Variations in mortality rates among Canadian neonatal intensive care units
==========================================================================

* Koravangattu Sankaran
* Li-Yin Chien
* Robin Walker
* Mary Seshia
* Arne Ohlsson
* Shoo K. Lee

## Abstract

**Background:** Most previous reports of variations in mortality rates for infants admitted to neonatal intensive care units (NICUs) have involved small groups of subpopulations, such as infants with very low birth weight. Our aim was to examine the incidence and causes of death and the risk-adjusted variation in mortality rates for a large group of infants of all birth weights admitted to Canadian NICUs.

**Methods:** We examined the deaths that occurred among all 19 265 infants admitted to 17 tertiary-level Canadian NICUs from January 1996 to October 1997. We used multivariate analysis to examine the risk factors associated with death and the variations in mortality rates, adjusting for risks in the baseline population, severity of illness on admission and whether the infant was outborn (born at a different hospital from the one where the NICU was located).

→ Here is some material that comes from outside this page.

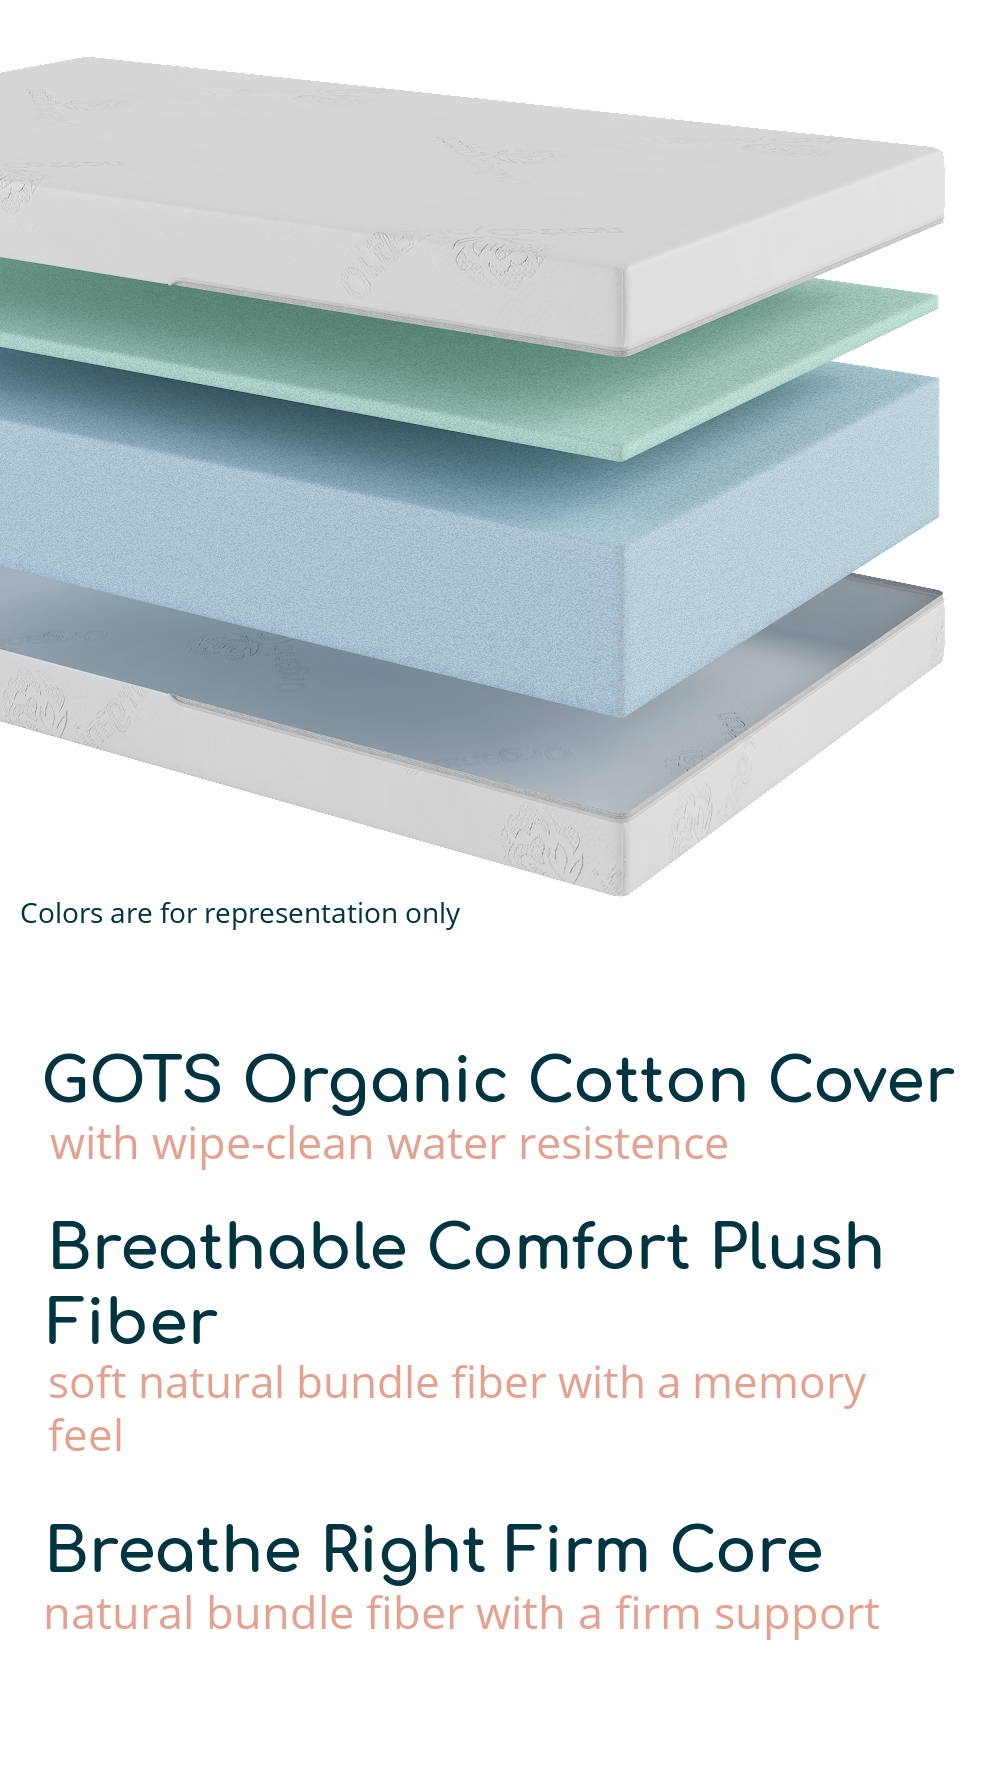 GOTS Organic Cotton Cover-with wipe clean resistance, Breathable Comfort Plush Fiber-soft natural bundle fiber with a memory feel, Breathe Right Firm Core-natural bundle fiber with a firm support
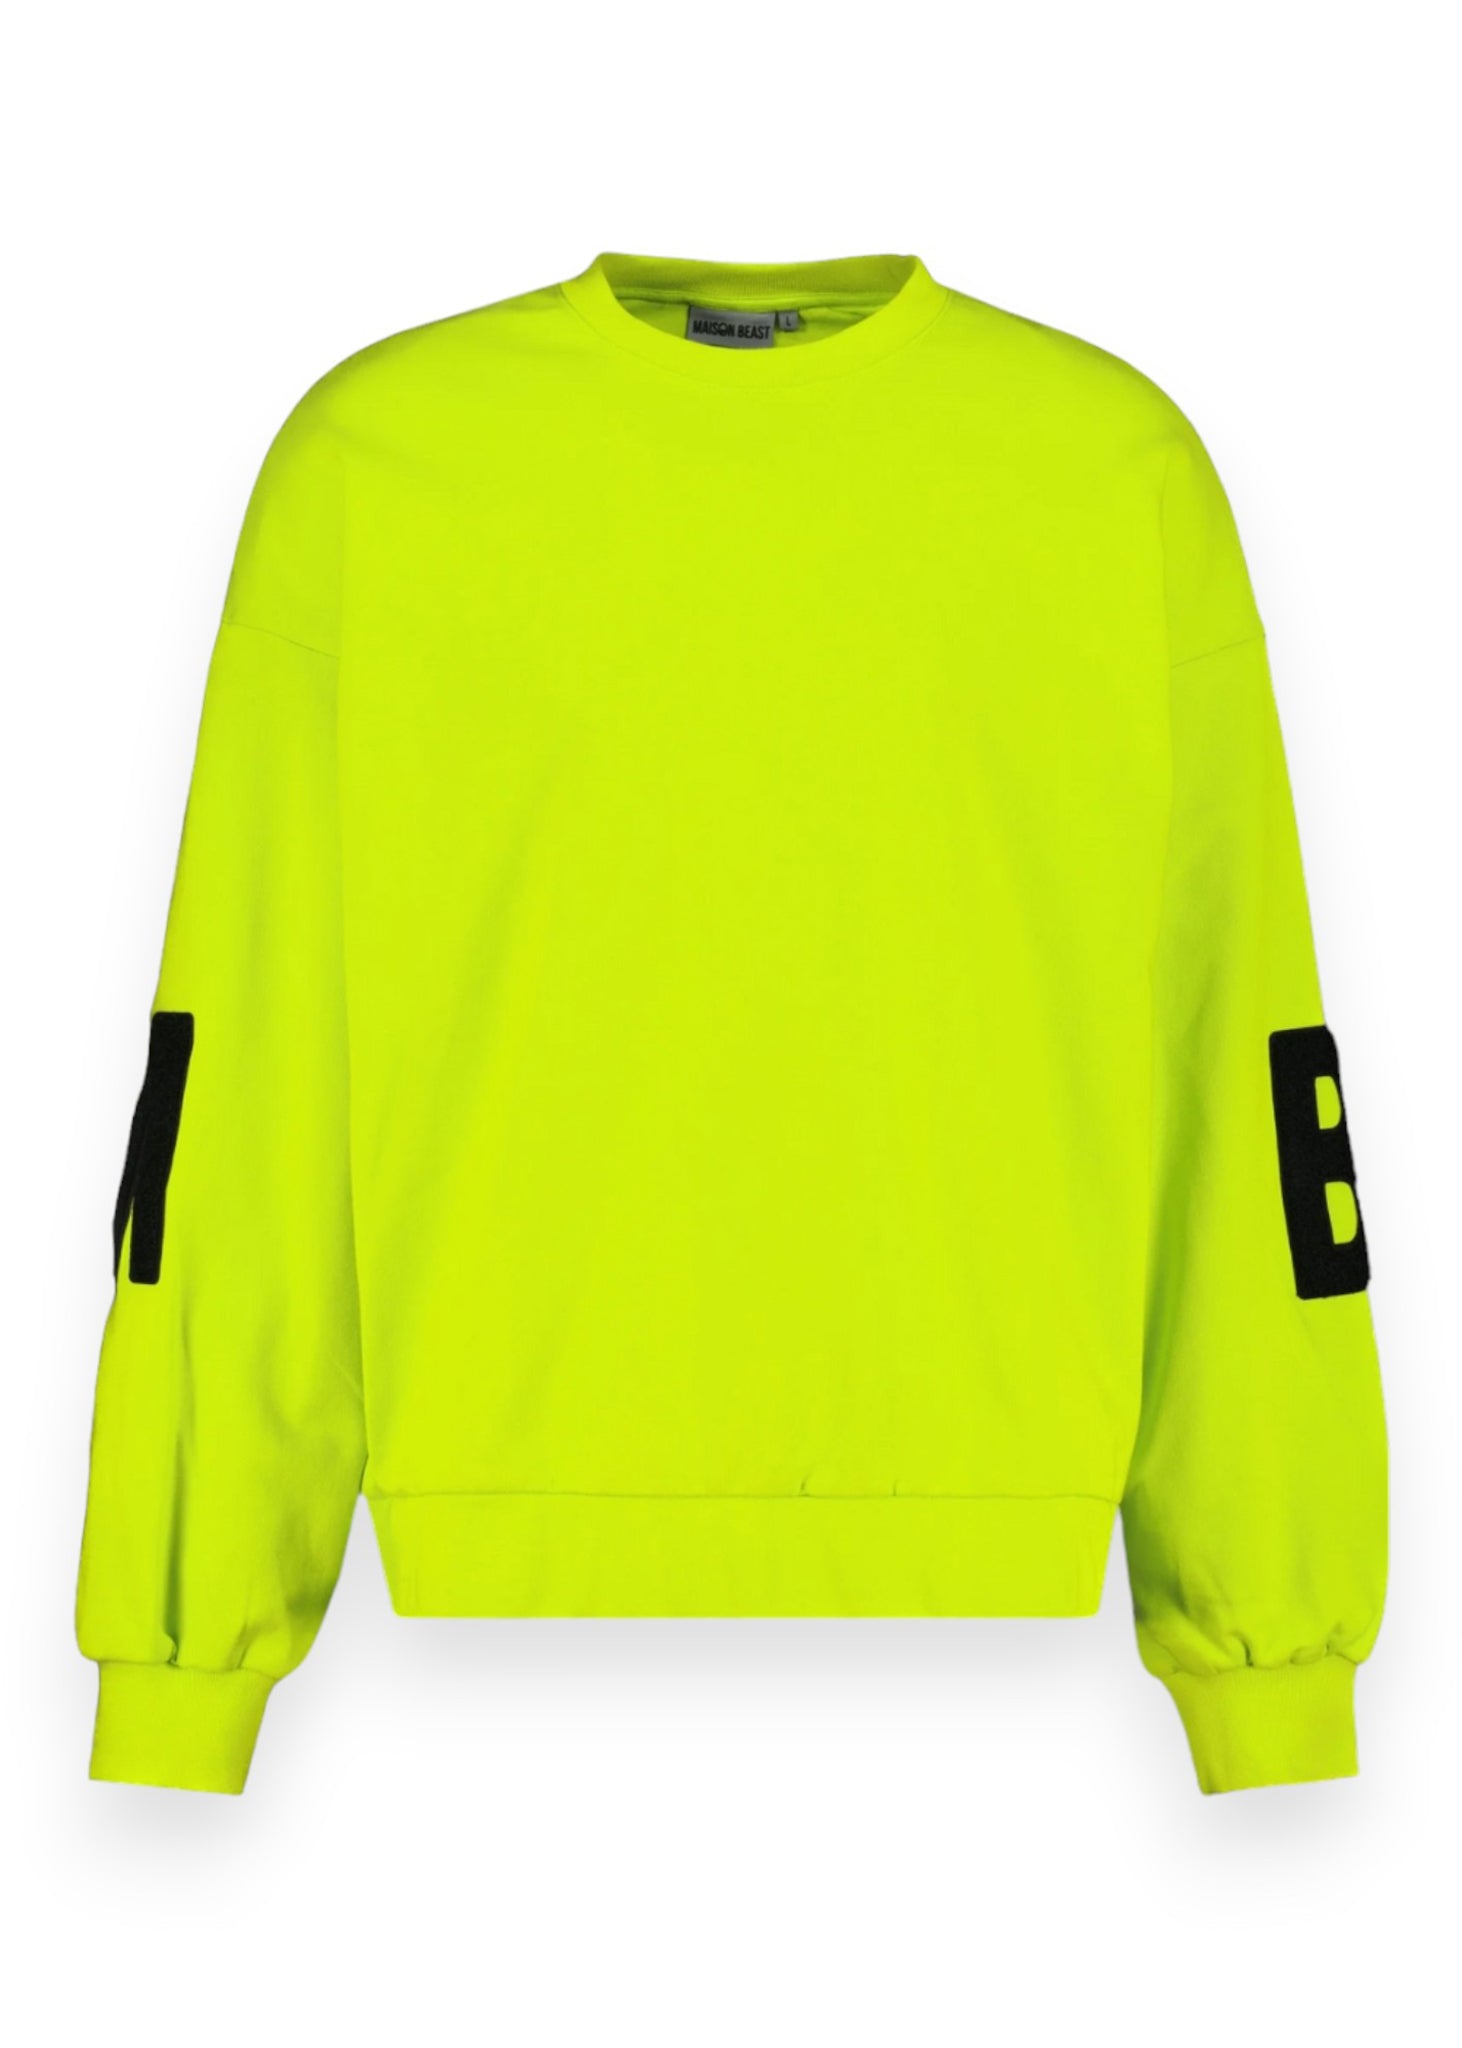 ICONIC MB CREWNECK - LIME PUNCH

**Results:** The overall mortality rate was 4% (795 infants died). Forty percent of the deaths (*n* = 318) occurred within 2 days of NICU admission, 50% (*n* = 397) within 3 days and 75% (*n* = 596) within 12 days. The major conditions associated with death were gestational age less than 24 weeks (59 deaths [7%]), gestational age 24–28 weeks (325 deaths [41%]), outborn status (340 deaths [42%]), congenital anomalies (270 deaths [34%]), surgery (141 deaths [18%]), infection (108 deaths [14%]), hypoxic–ischemic encephalopathy (128 deaths [16%]) and small for gestational age (i.e., less than the third percentile) (77 deaths [10%]). There was significant variation in the risk-adjusted mortality rates (range 1.6% to 5.5%) among the 17 NICUs.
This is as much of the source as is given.